** Problem to solve **
Output the full listing below exactly; the images stay out.

** Information shown **
════════════════
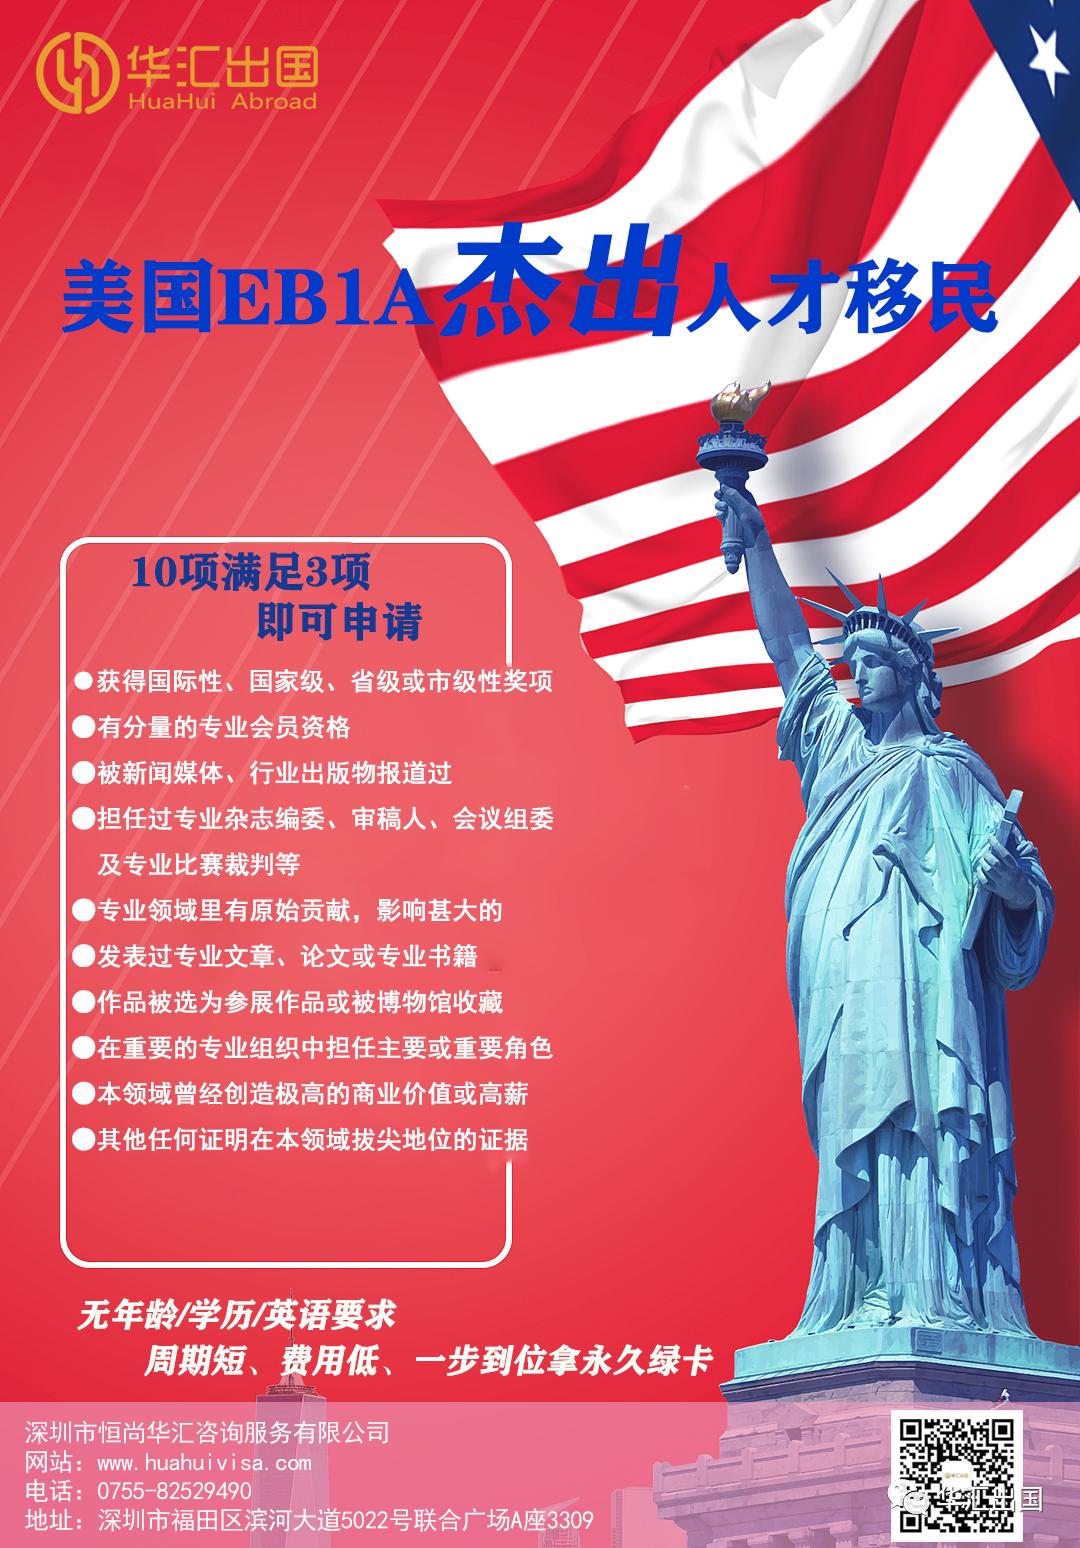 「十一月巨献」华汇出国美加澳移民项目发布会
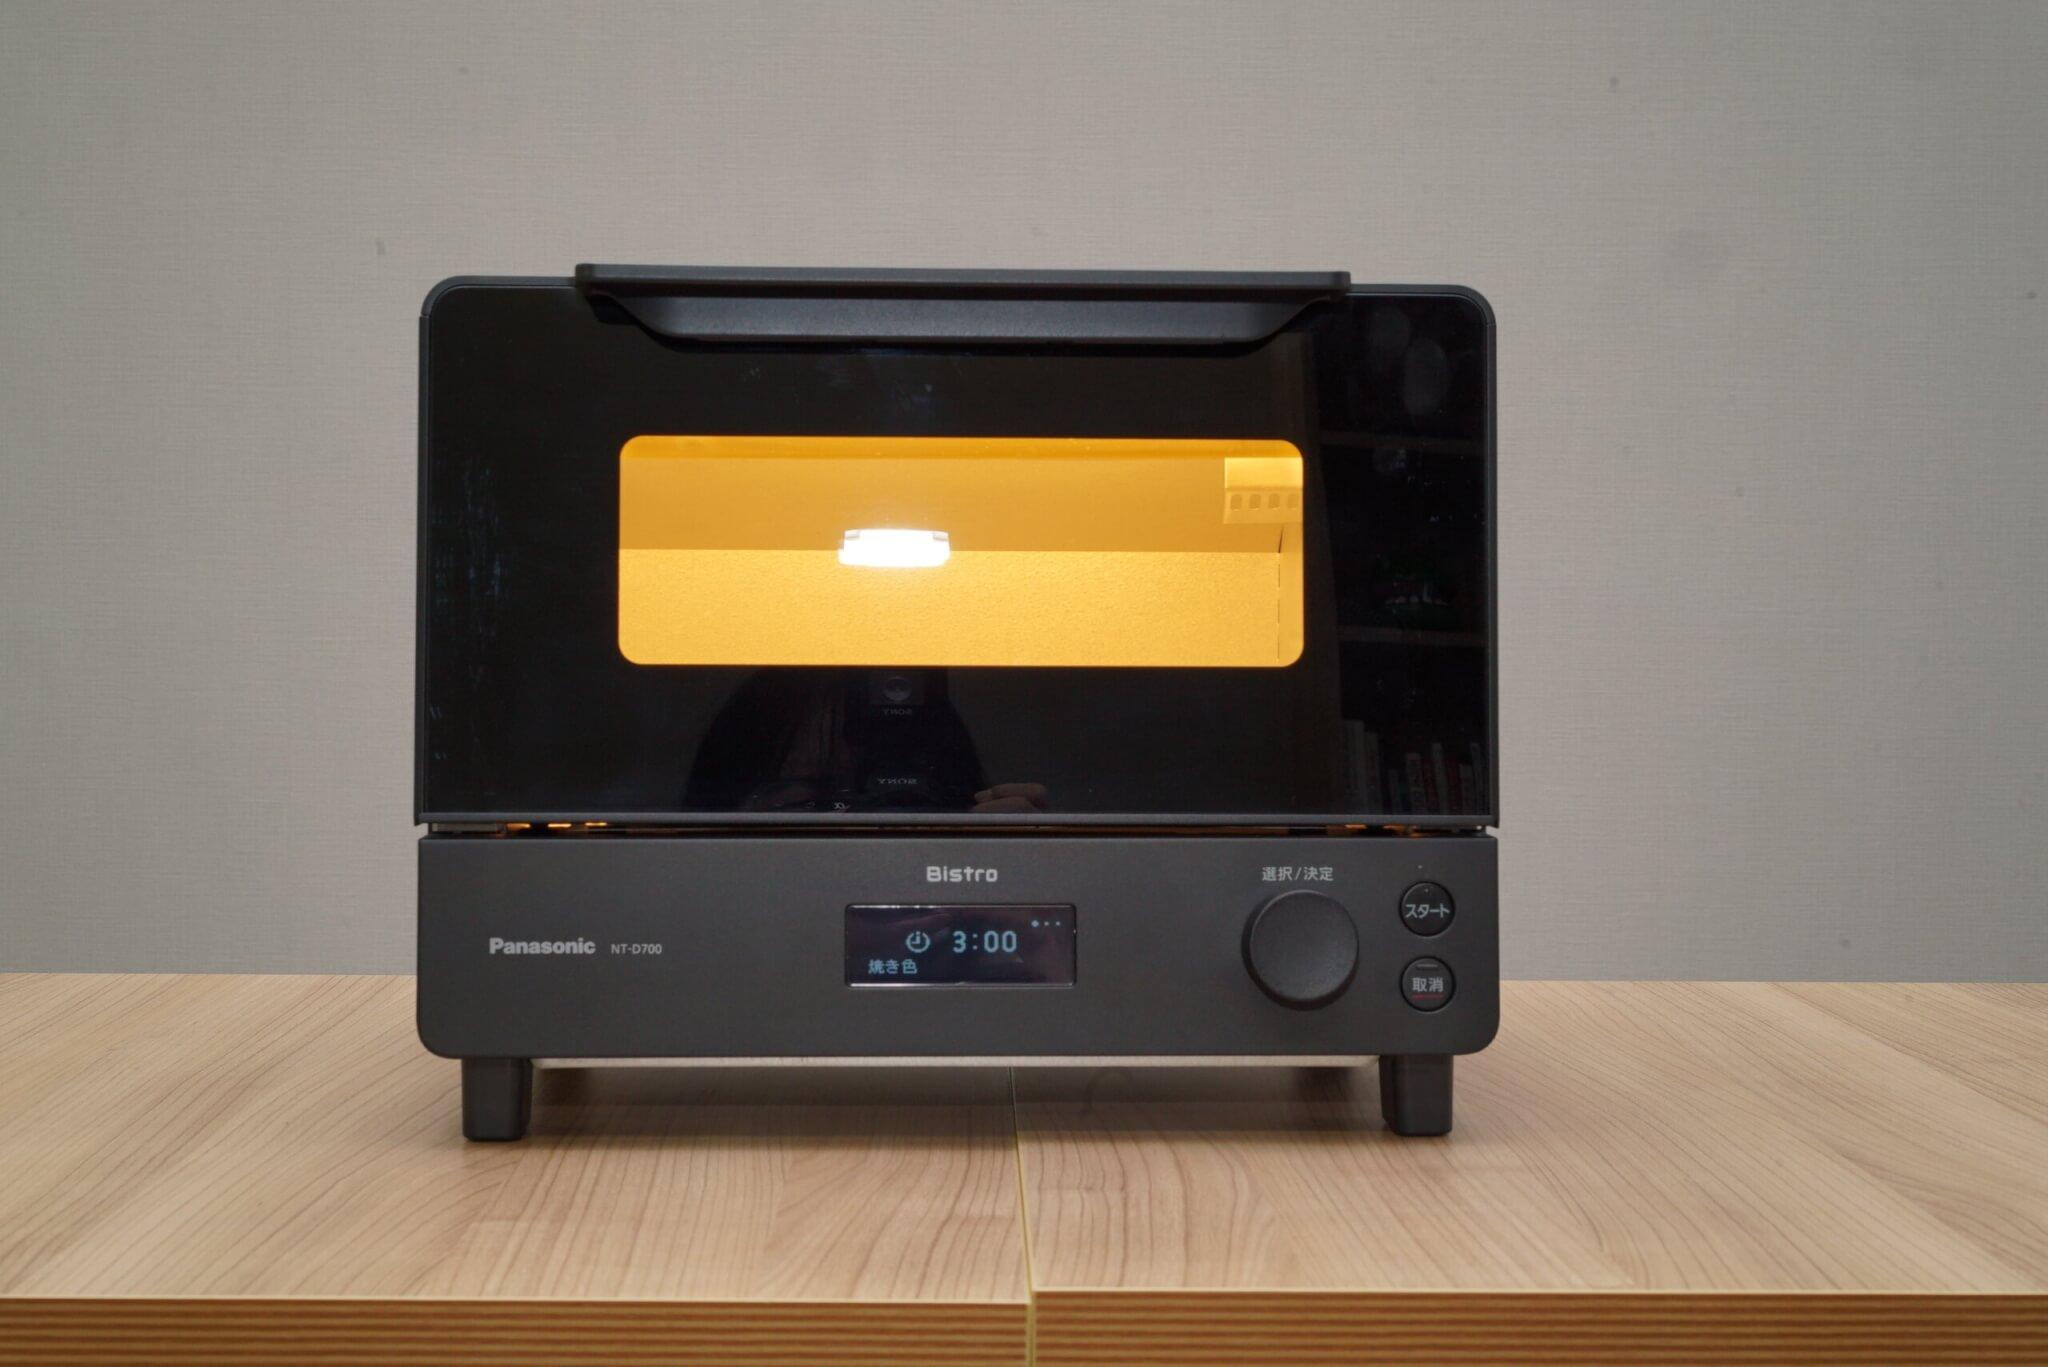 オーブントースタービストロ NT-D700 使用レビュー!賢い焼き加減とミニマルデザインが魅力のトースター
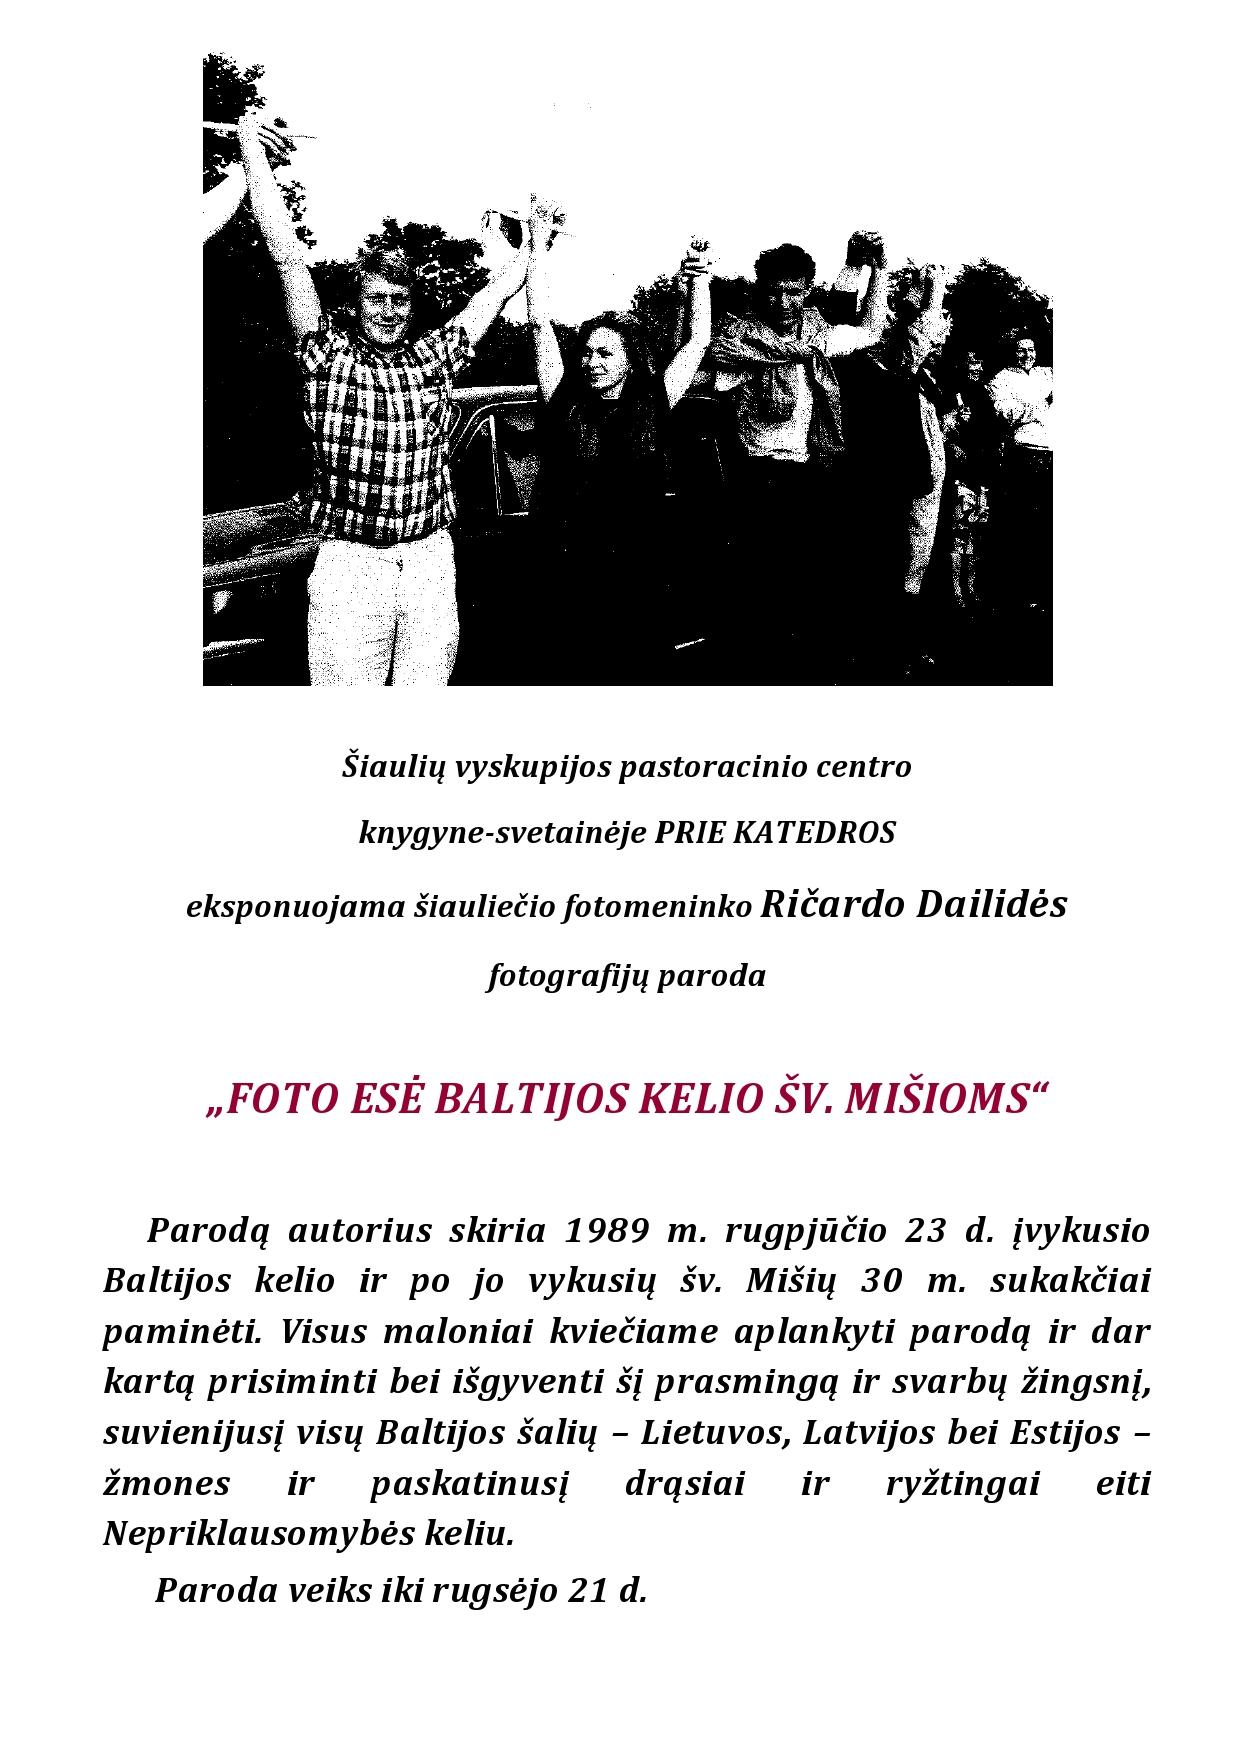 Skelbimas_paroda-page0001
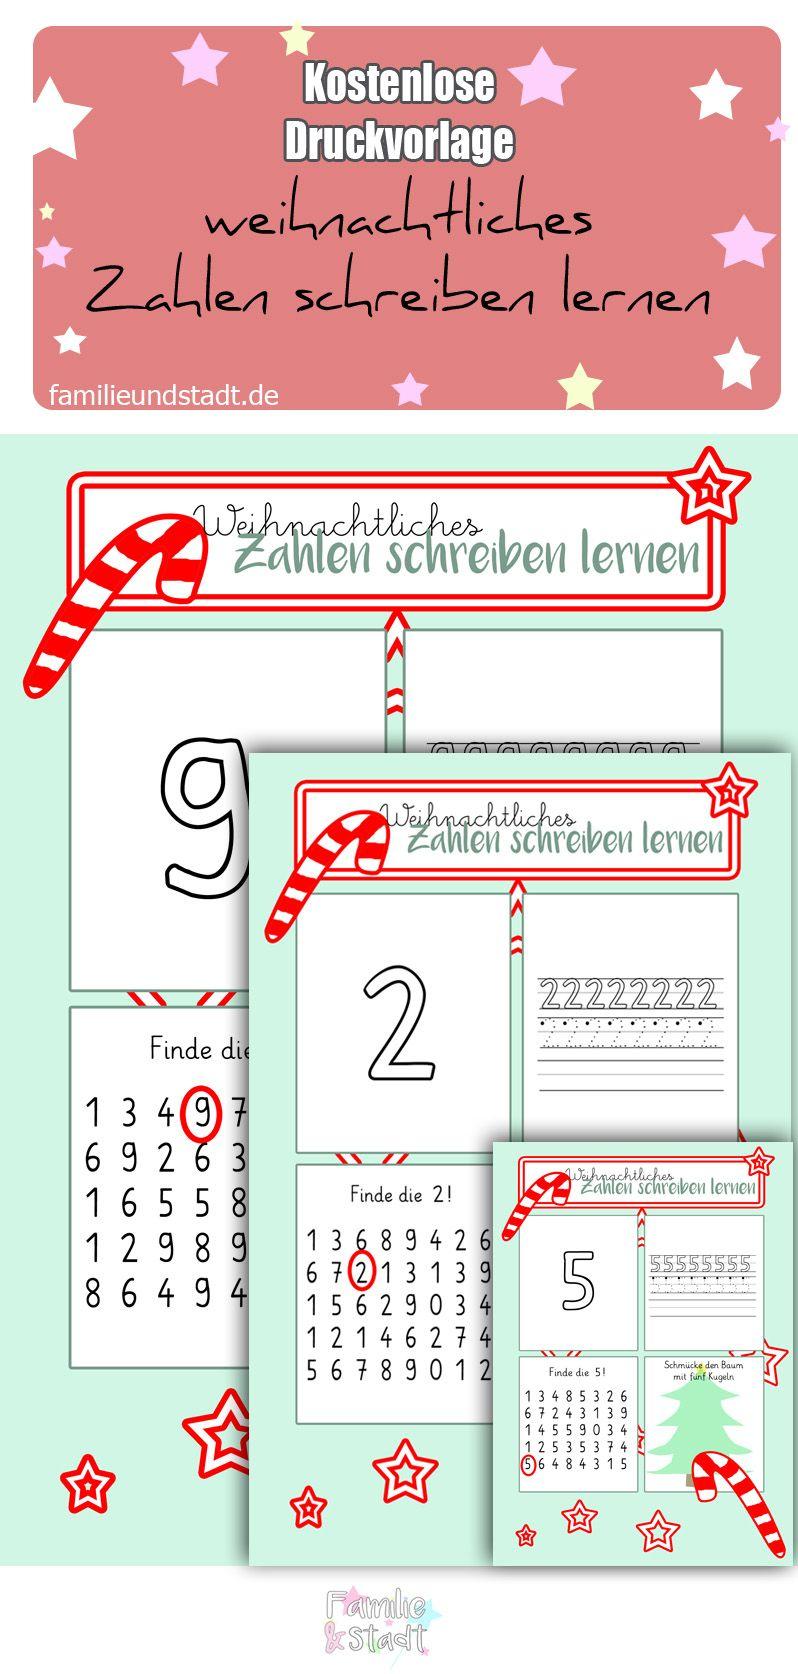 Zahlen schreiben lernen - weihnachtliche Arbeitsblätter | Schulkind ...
════════════════
** Answer box **
 「十一月巨献」华汇出国美加澳移民项目发布会
 オーブントースタービストロ NT-D700 使用レビュー!賢い焼き加減とミニマルデザインが魅力のトースター
 Skelbimas_paroda-page0001
 Zahlen schreiben lernen - weihnachtliche Arbeitsblätter | Schulkind ...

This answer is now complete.